• [Collected material]:

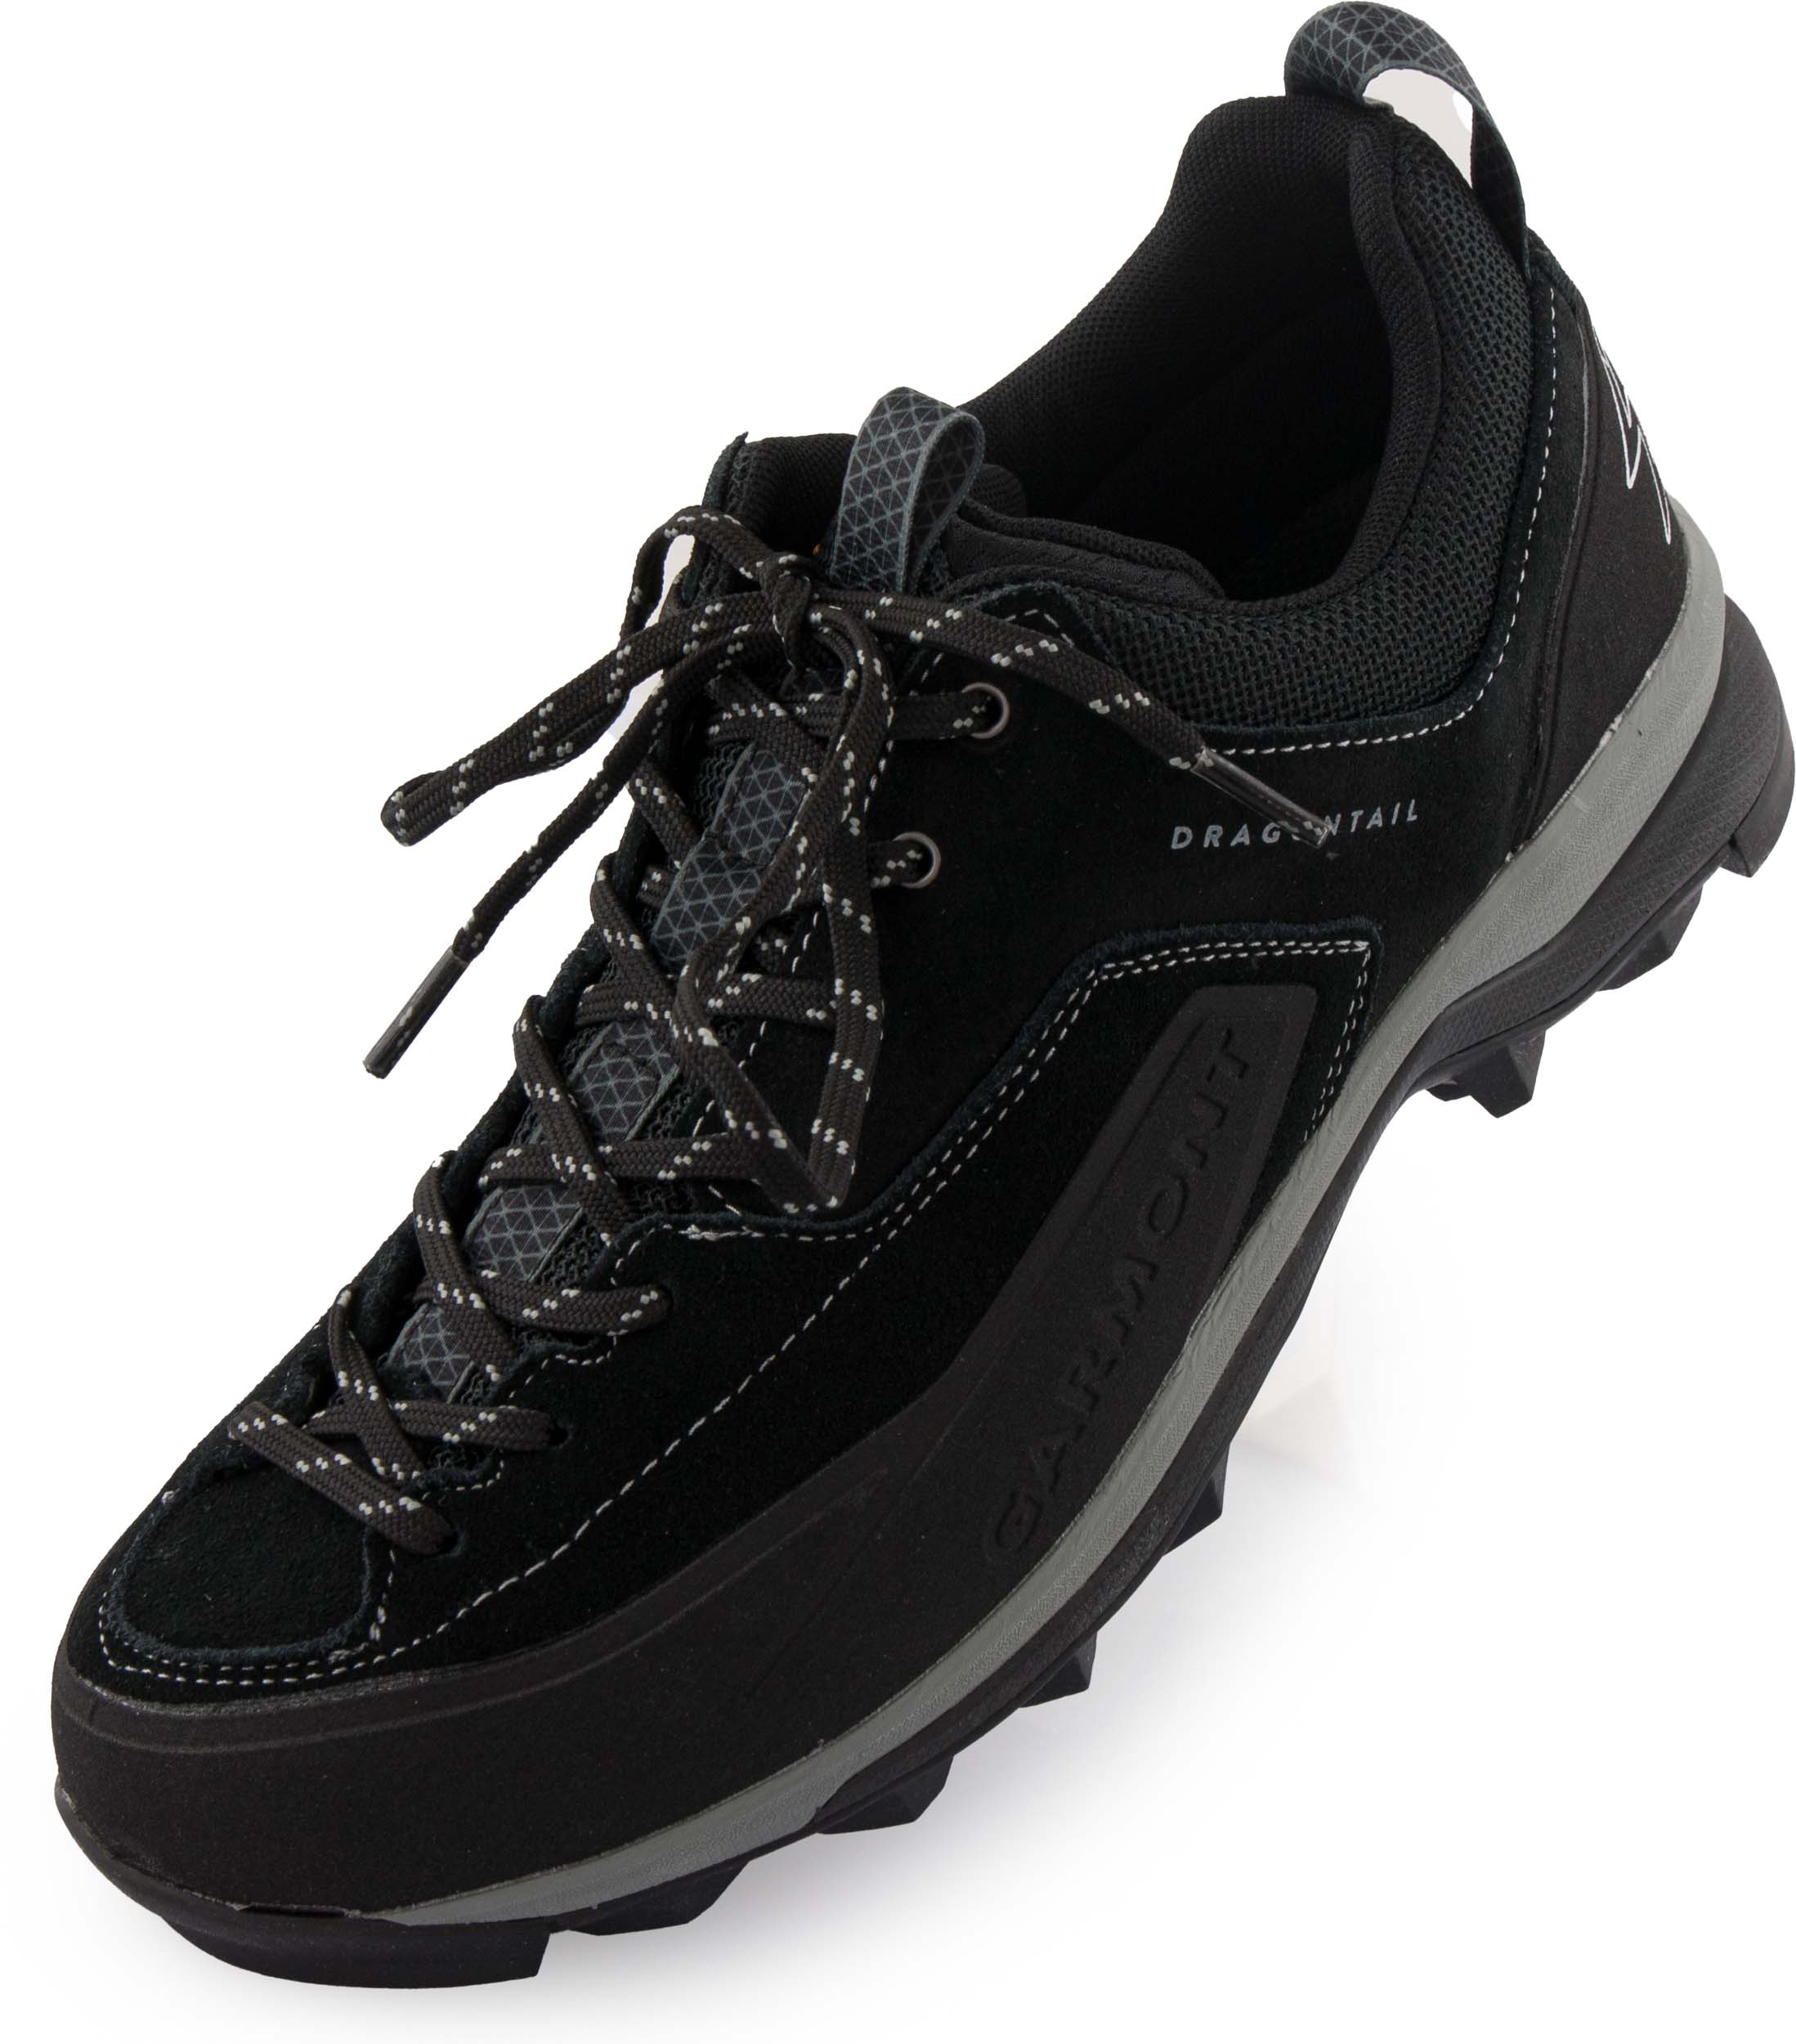 Outdoorová obuv Garmont Men Dragontail Black|45
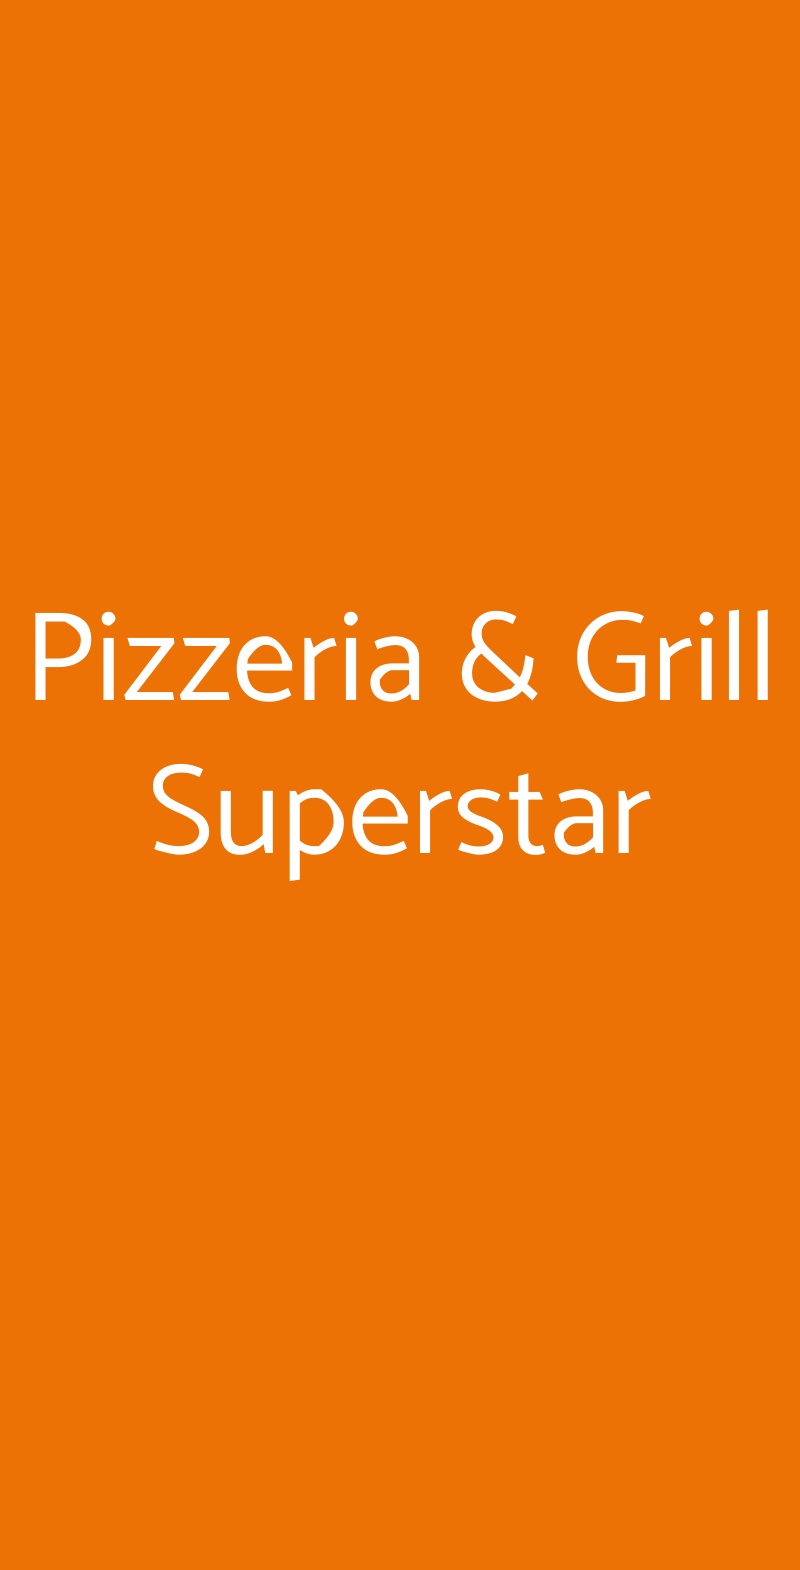 Pizzeria & Grill Superstar Milano menù 1 pagina
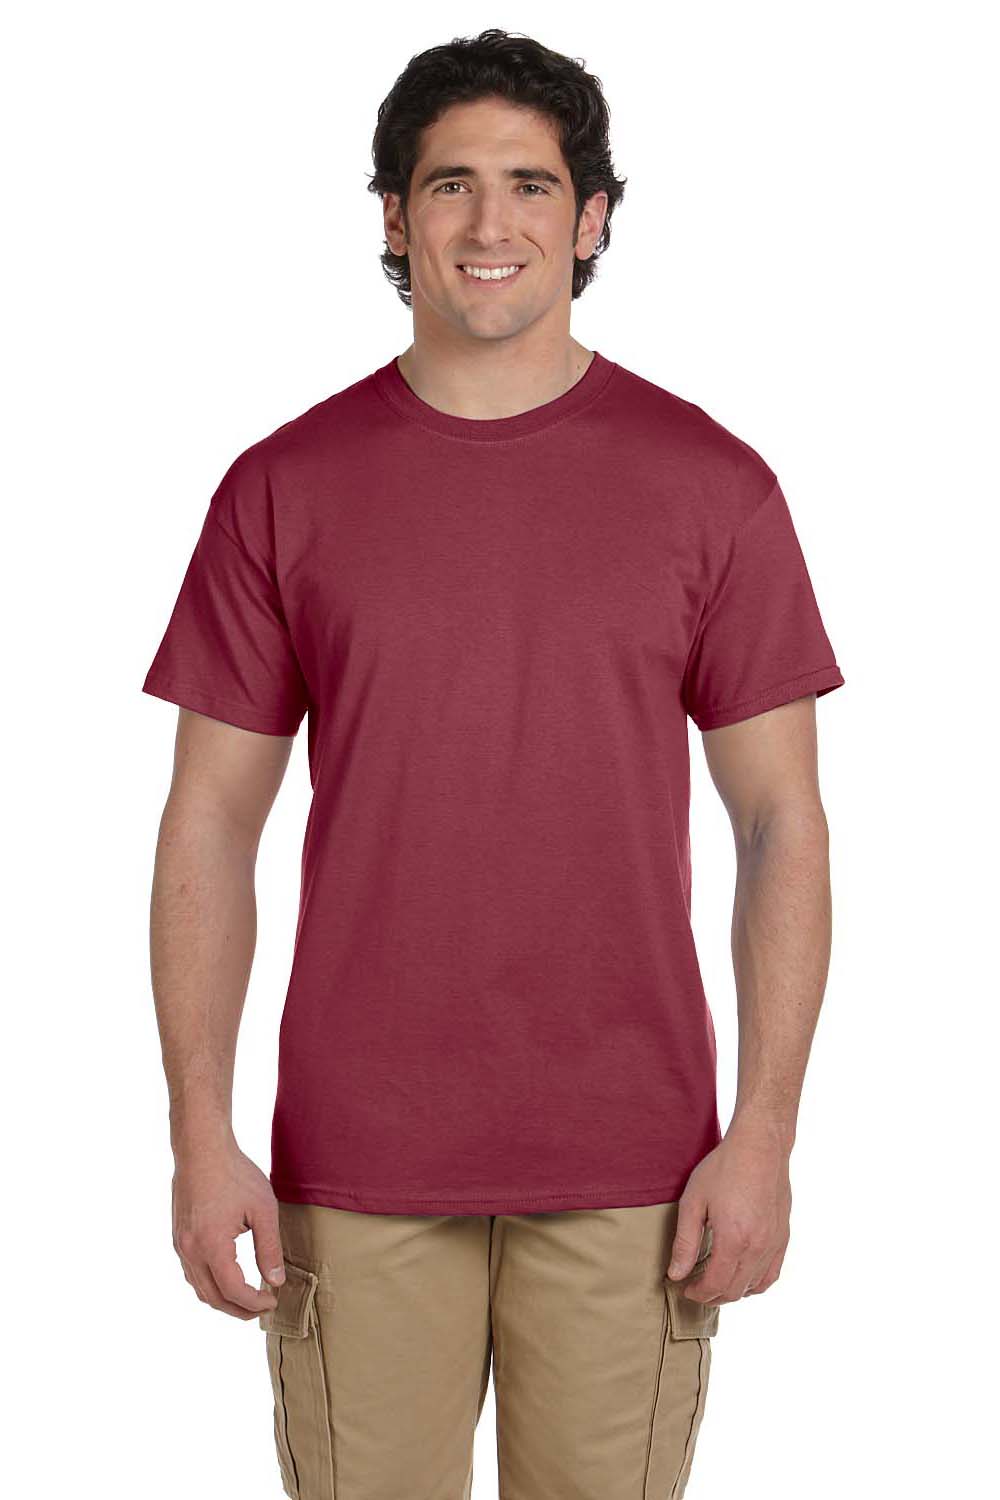 Hanes 5170 Mens EcoSmart Short Sleeve Crewneck T-Shirt Heather Red Front

• [Assigned task]:
In your copy, restate the data above word for word but leave out any picture.

• [Answer to this problem]:
 Outdoorová obuv Garmont Men Dragontail Black|45
 Pizzeria & Grill Superstar Milano menù 1 pagina
 Hanes 5170 Mens EcoSmart Short Sleeve Crewneck T-Shirt Heather Red Front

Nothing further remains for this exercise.